To achieve functionality as shown in fig.5 of the paper (also shared below):
Is this what we do:
Does the above summary seem correct?
Hi @amaarora ,
You don't have to predict an image as an intermediate stage. You can directly predict DINOv2 (or ImageBind) global embeddings from any subset of modalities. Then, given the global embeddings of the query and retrieval set, you can perform retrieval by comparing their cosine similarities.
So, a summary would be as follows:
tok_dinov2_global = VQVAE.from_pretrained('EPFL-VILAB/4M_tokenizers_DINOv2-B14-global_8k_16_224')
cond_domains = [COND_DOMAIN1, COND_DOMAIN2]
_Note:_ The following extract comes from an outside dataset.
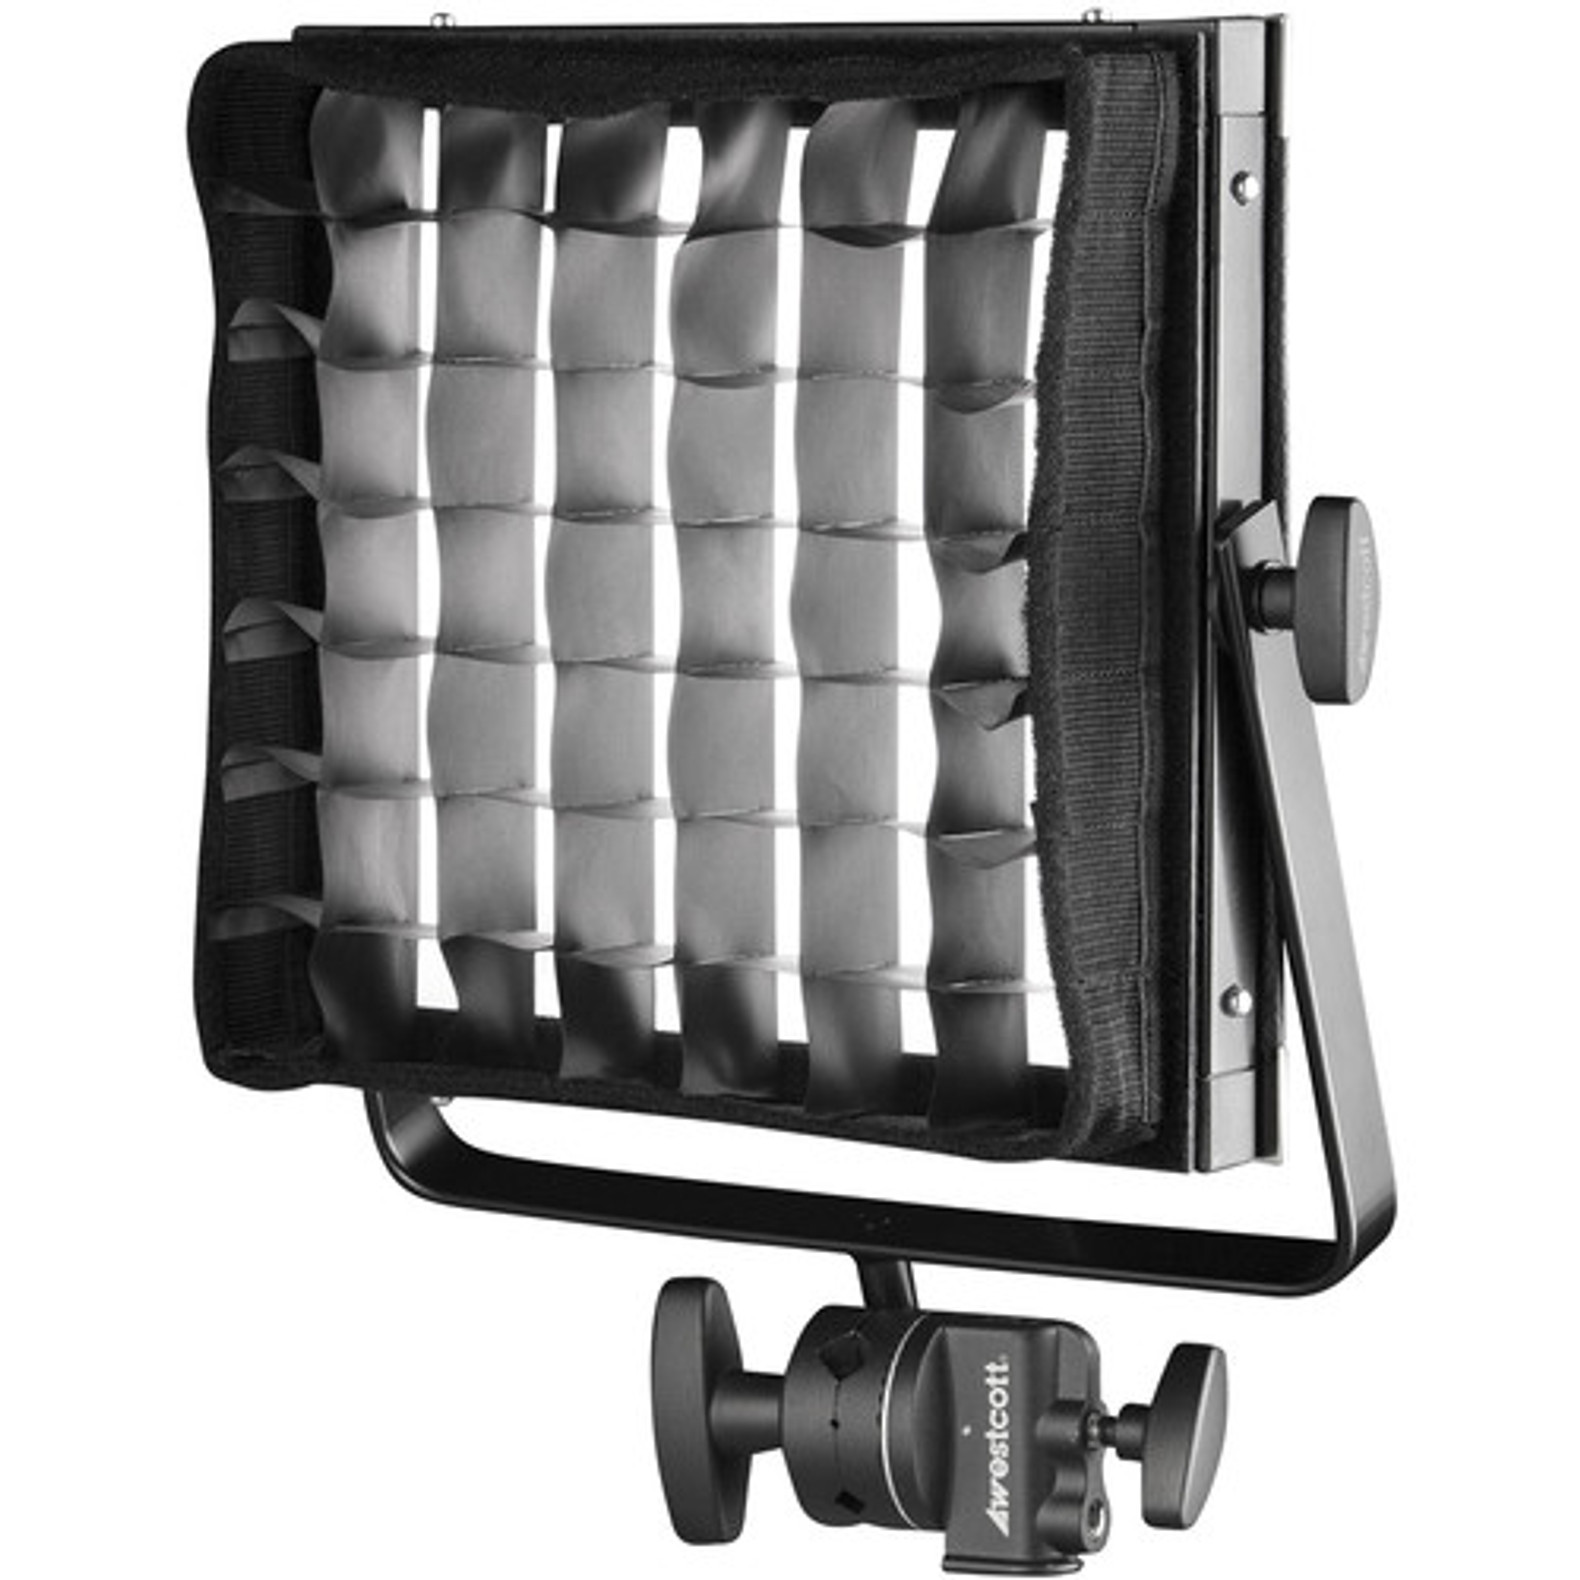 1 x 2 Westcott Flex Cine Softbox Egg Crate Grid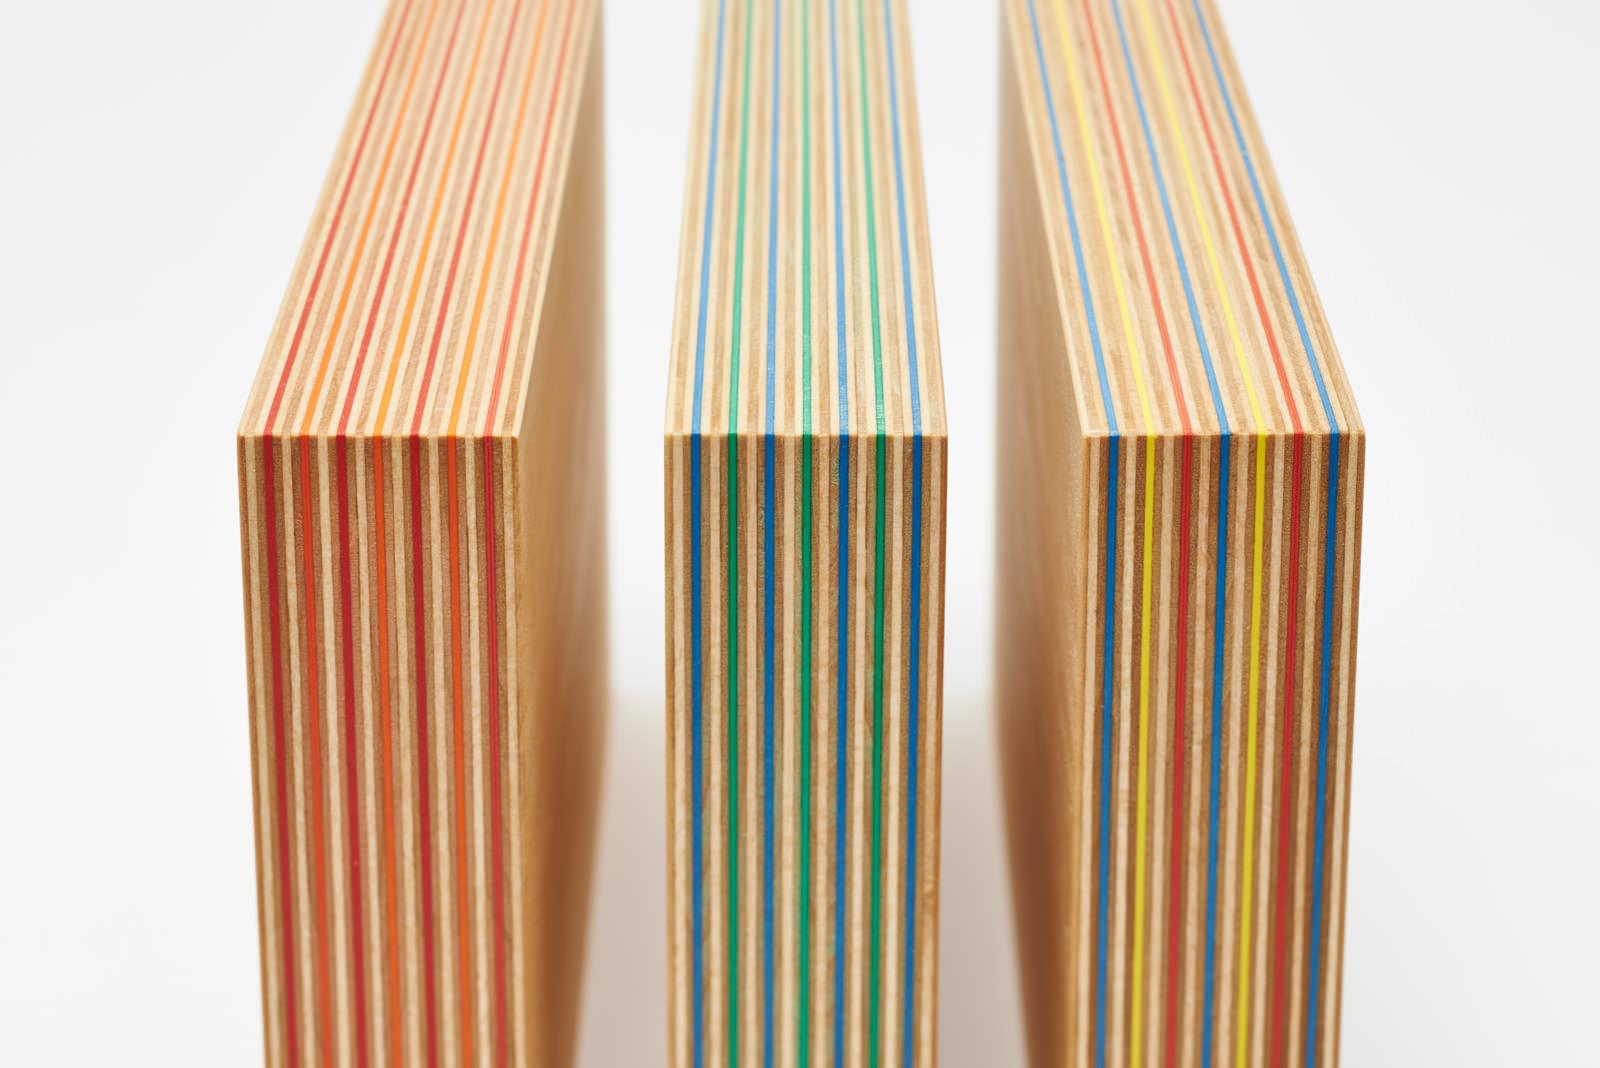 Takizawa Plywood Veneer Paper Wood With Integrated

target_domains = ['tok_dinov2_global']
tokens_per_target = [16]
autoregression_schemes = ['autoregressive']
Obtain the DINOv2 global embeddings for the retrieval set in a similar way. If you are using RGB images as retrieval set, alternatively, first predict DINOv2 global embedding of them using the pretrained DINOv2 (or ImageBind) model, then tokenize the global embeddings using the tokenizer from Step 1.
Perform cosine similarity comparison between the query and retrieval set.
Hey @ofkar, thank you so much! This is very helpful. I am writing a blog post on this and will share a draft shortly. :)
Hi,
I would like to kindly ask you to provide some pointers/examples on using 4M for such tasks as retrieval and classification. How do you load only the encoder, for instance?